Mirandolina (H. 346) is a 1953–54 comic opera in three acts by Bohuslav Martinů, with an Italian-language libretto by the composer after Carlo Goldoni's 1751 comedy The Mistress of the Inn (La locandiera). The opera, incorporating stretches of spoken dialogue between the characters against an orchestral background, was premiered on 17 May 1959 (shortly before the composer's death) at the Prague National Theatre, Czechoslovakia, when it was conducted by Václav Kašlik.

David Pountney has described the opera as "the work where Martinů's strain of fast-moving, neo-Classical style comes into its own... finding room for witty and ironic musical references to Italian madrigals, French vaudeville and Italian opera buffa". Martinů's biographer Brian Large noted several highlights from the score: a coloratura aria in Act 1 Scene 6 for Mirandolina as well as waltzes, intermezzos and a saltarello, the latter having been recorded in 1973 by the Czech State Philharmonic Orchestra Brno conducted by František Jílek.

The opera was the second musical adaptation of Goldoni's play, the first being a dramma giocoso by Antonio Salieri which premiered at the Vienna Kärtnertortheater in 1773.

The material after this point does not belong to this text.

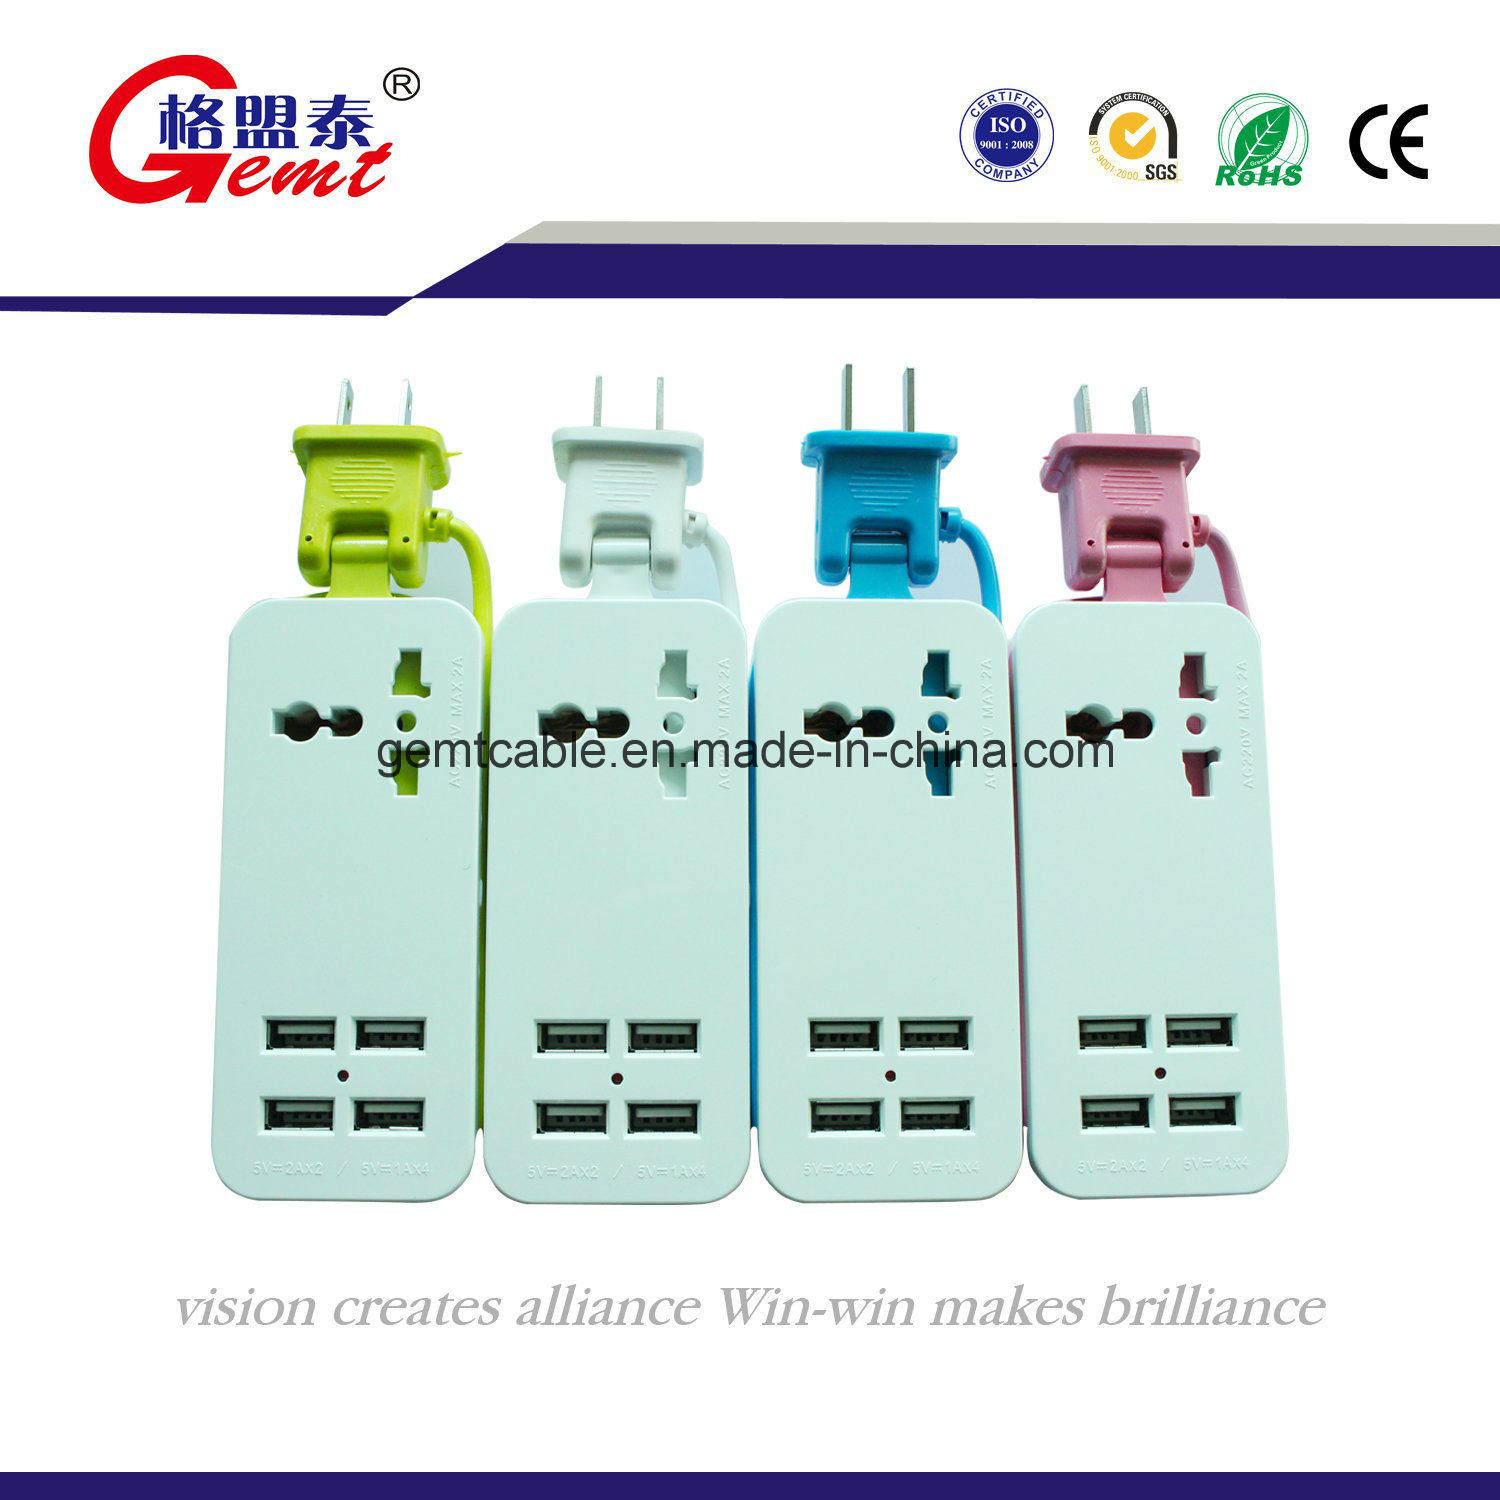 Portable Universal Electrical Travel Outlet Surge Protector Adapter 4USB with Child Protection

==Performance and recording history==

The first production of Mirandolina remained in the stage repertoire at the Prague National Theatre until 1963 and the opera was revived there in 1980–82. It was staged in 2002 by the Belarus National Philharmonic Orchestra as part of the Wexford Festival, with Daniela Bruera in the title role and conducted by Riccardo Frizza; this production was recorded by the BBC and published on CD in 2004 by Supraphon.

The UK premiere was given by Garsington Opera in 2009 with Juanita Lascarro in the title role, and conducted by Martin André.

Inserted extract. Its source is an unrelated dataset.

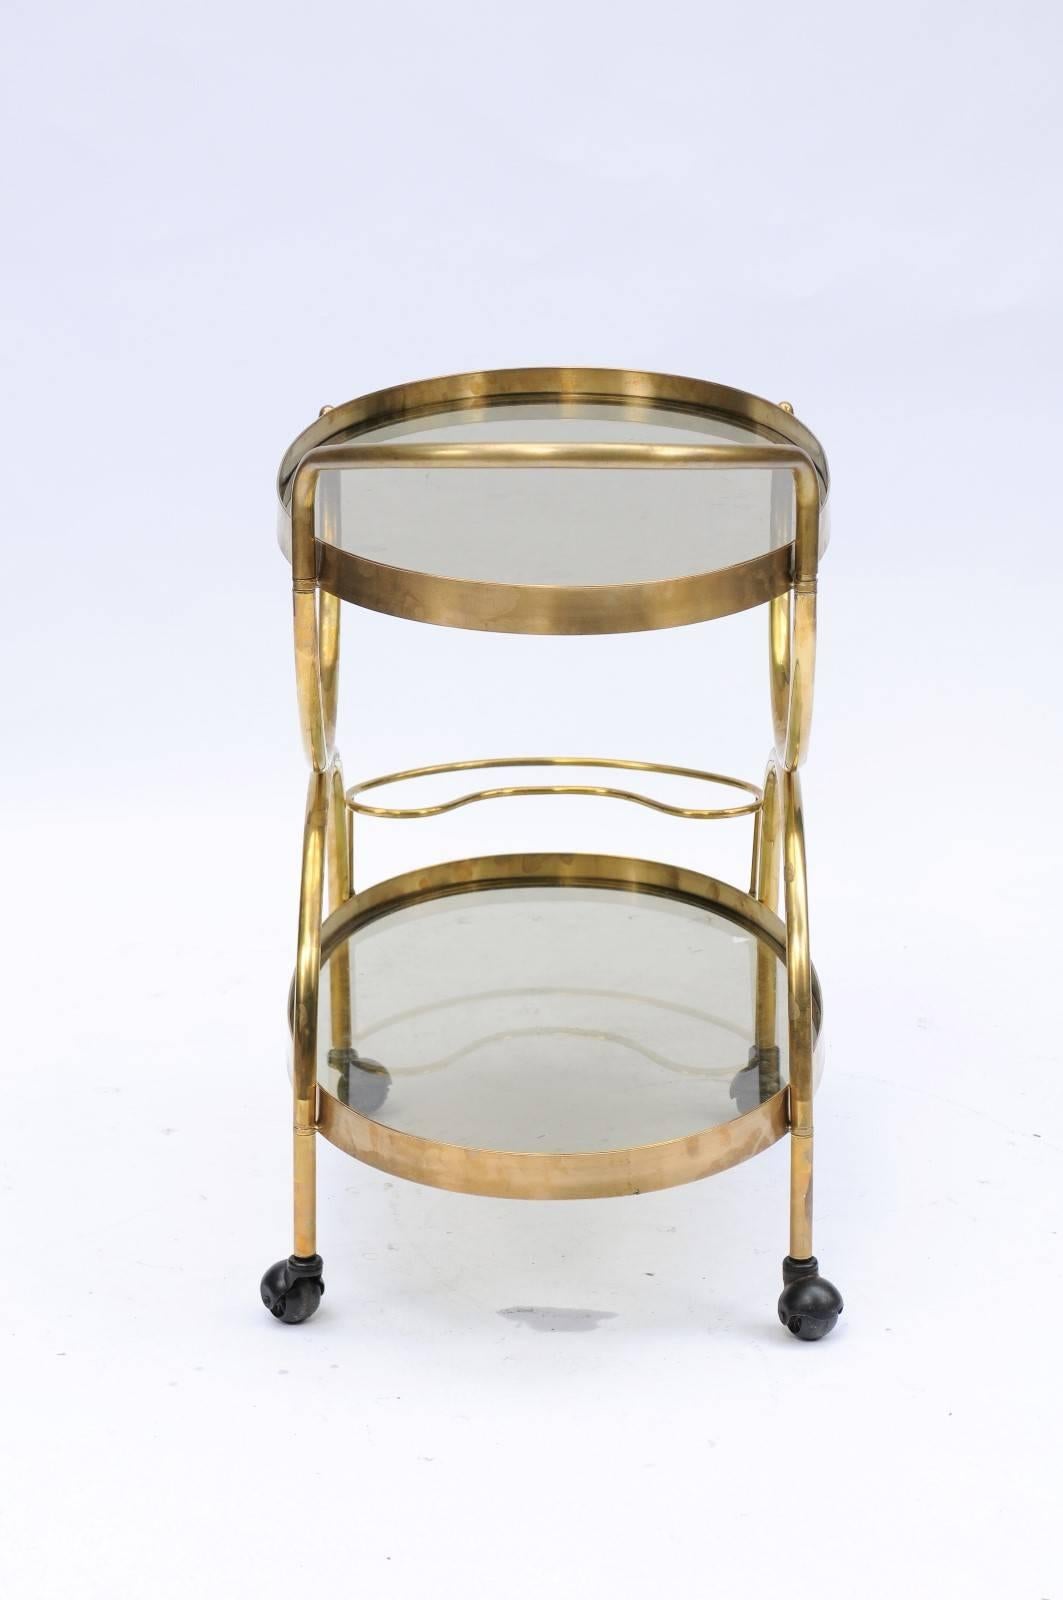 Italian Florentine, 1950s, Two-Tiered Oval Brass and Glass Bar Cart with Curvy Lines

In 2013–14, Mirandolina was seen at the National Moravian-Silesian Theatre in Ostrava. The German premiere of the original Italian version was then given in March 2014 at the Theater Gießen, conducted by Michael Hofstetter and directed by Andriy Zholdak; the Bavarian State Opera's Opernstudio performed the work in April 2014, conducted by Alexander Prior and directed by Christian Stückl, and in June it was staged at the Slovak National Theatre in Bratislava.

==Roles==

| Role | Voice type | Premiere cast 17 May 1959 (Conductor: Václav Kašlík) |
|---|---|---|
| Mirandolina, an inn-keeper | soprano | Maria Tauberová |
| Ortensia, an actress | soprano | Jaroslava Procházková |
| Dejanira, an actress | contralto | Štěpánka Štěpánová |
| Conte d'Albafiorita | tenor | Oldřich Kovář |
| Cavaliere di Ripafratta | bass | Přemysl Kočí |
| Marchese di Forlimpopoli | bass | Jaroslav Horáček |
| Fabrizio, a waiter | tenor | Ivo Žídek |
| a servant to the Cavaliere di Ripafratta | tenor |  |

==Synopsis==
Mirandolina the inn-keeper is courted by various noblemen at her house in Florence.
Two of them, Forlimpopoli and Albafiorita, try to vie with each other to seduce her, declaring that they are passionately in love with her, but having enchanted them she drops them. Another admirer is the sardonic misogynist Ripafratta, whom she sees as a challenge to win.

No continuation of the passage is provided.